Among the major difficulties in protein structure prediction is the roughness of the energy landscape that must be searched for the global energy minimum. To address this issue, we have developed a novel Monte Carlo algorithm called parallel hyperbolic sampling (PHS) that logarithmically flattens local high‐energy barriers and, therefore, allows the simulation to tunnel more efficiently through energetically inaccessible regions to low‐energy valleys. Here, we show the utility of this approach by applying it to the SICHO (SIde‐CHain‐Only) protein model.
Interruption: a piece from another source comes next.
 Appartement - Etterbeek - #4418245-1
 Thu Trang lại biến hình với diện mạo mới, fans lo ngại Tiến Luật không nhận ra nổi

For the same CPU time, the parallel hyperbolic sampling method can identify much lower energy states and explore a larger region phase space than the commonly used replica sampling (RS) Monte Carlo method. By clustering the simulated structures obtained in the PHS implementation of the SICHO model, we can successfully predict, among a representative benchmark 65 proteins set, 50 cases in which one of the top 5 clusters have a root‐mean‐square deviation (RMSD) from the native structure below 6.5 Å. Compared with our previous calculations that used RS as the conformational search procedure, the number of successful predictions increased by four and the CPU cost is reduced. By comparing the structure clusters produced by both PHS and RS, we find a strong correlation between the quality of predicted structures and the minimum relative RMSD (mrRMSD) of structures clusters identified by using different search engines. This mrRMSD correlation may be useful in blind prediction as an indicator of the likelihood of successful folds. Proteins 2002;48:192–201. © 2002 Wiley‐Liss, Inc.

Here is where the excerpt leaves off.